Work task ->
Each line from the one containing "HP EliteBook 850" to the last line of the listing below is to be duplicated exactly, and no picture is to be carried over.

── Source data ──

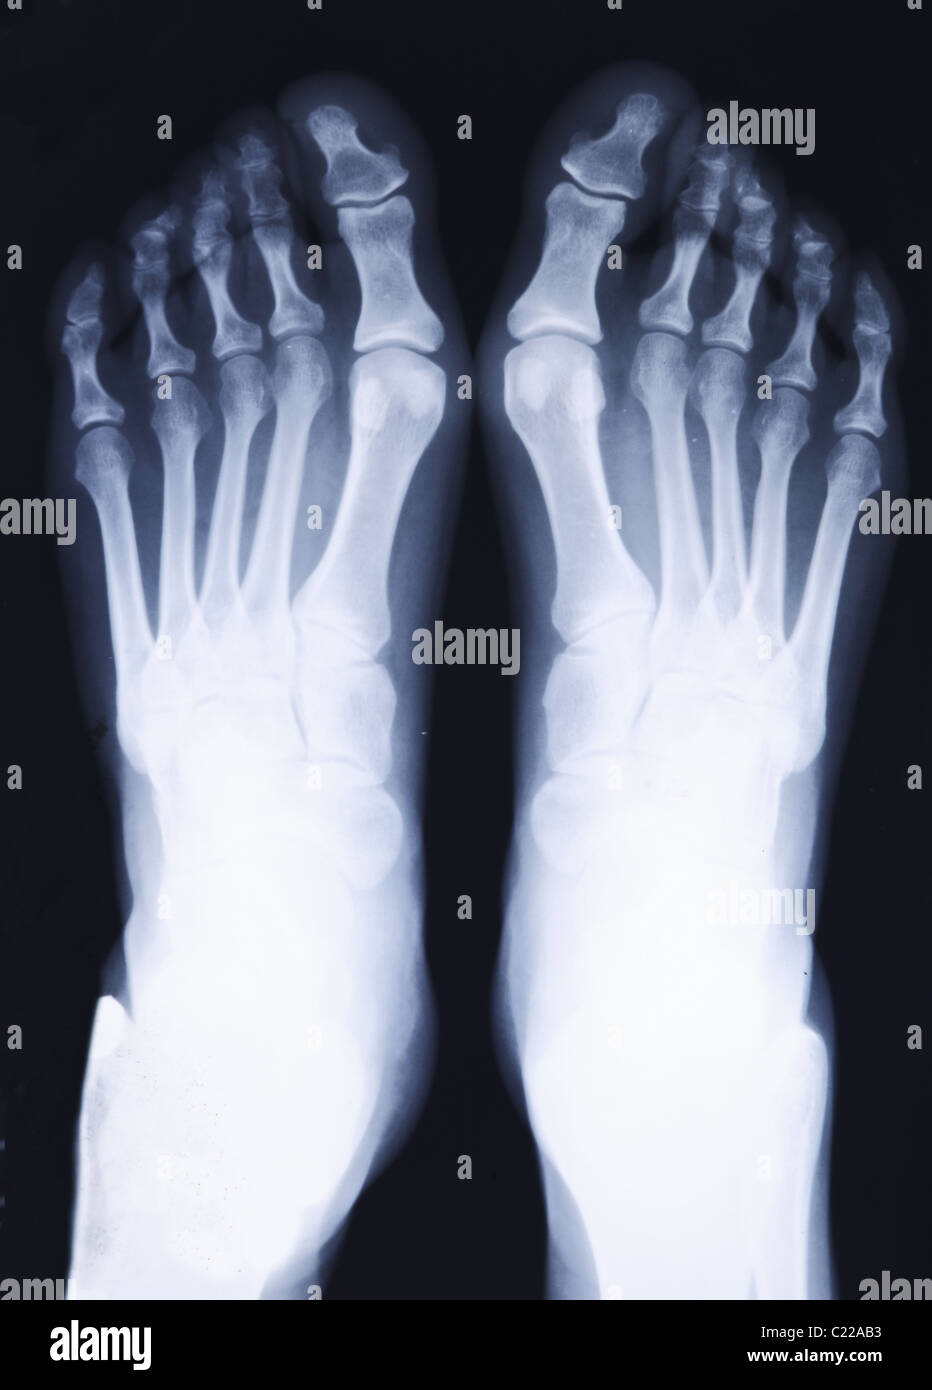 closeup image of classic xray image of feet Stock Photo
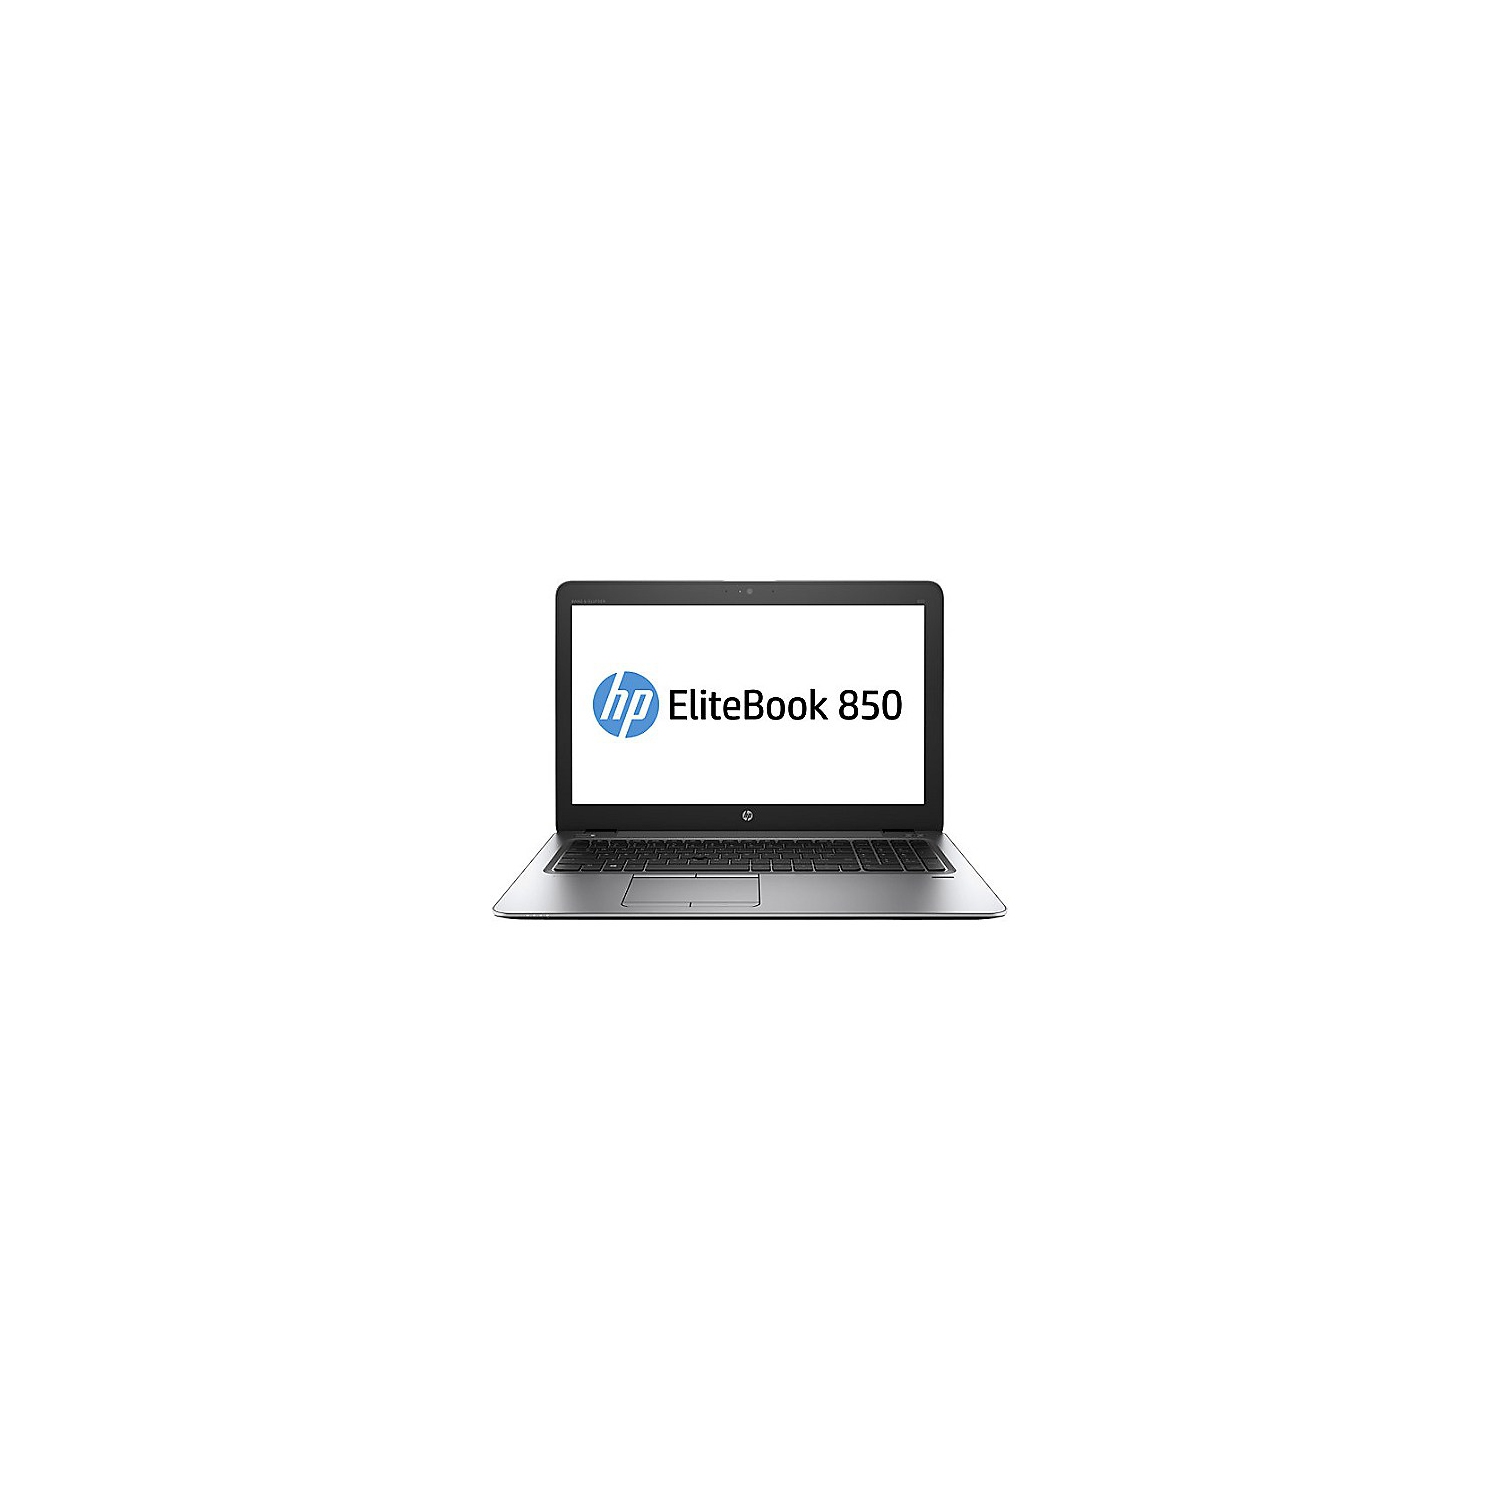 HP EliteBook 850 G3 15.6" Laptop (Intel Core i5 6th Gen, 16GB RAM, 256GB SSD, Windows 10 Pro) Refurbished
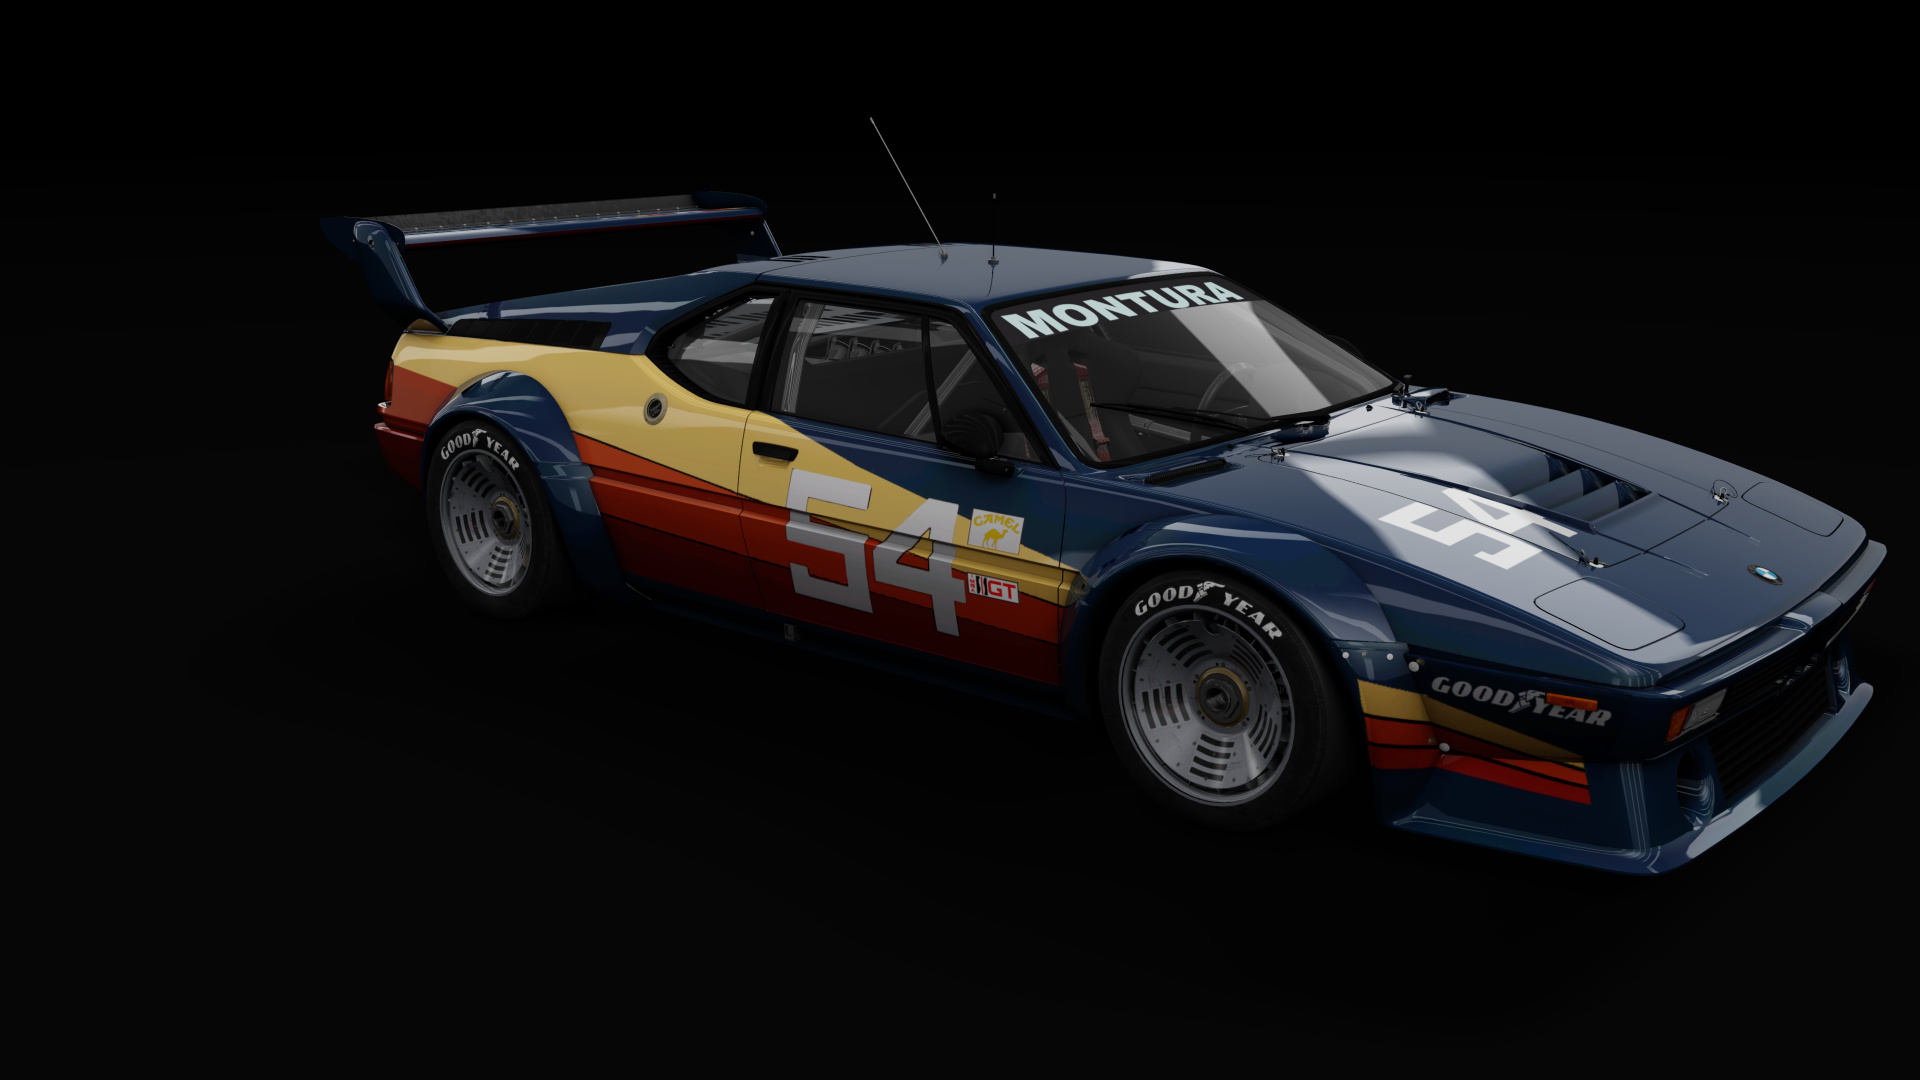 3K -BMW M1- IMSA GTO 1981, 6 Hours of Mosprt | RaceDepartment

───

Reply ->
 HP EliteBook 850 G3 15.6" Laptop (Intel Core i5 6th Gen, 16GB RAM, 256GB SSD, Windows 10 Pro) Refurbished
 3K -BMW M1- IMSA GTO 1981, 6 Hours of Mosprt | RaceDepartment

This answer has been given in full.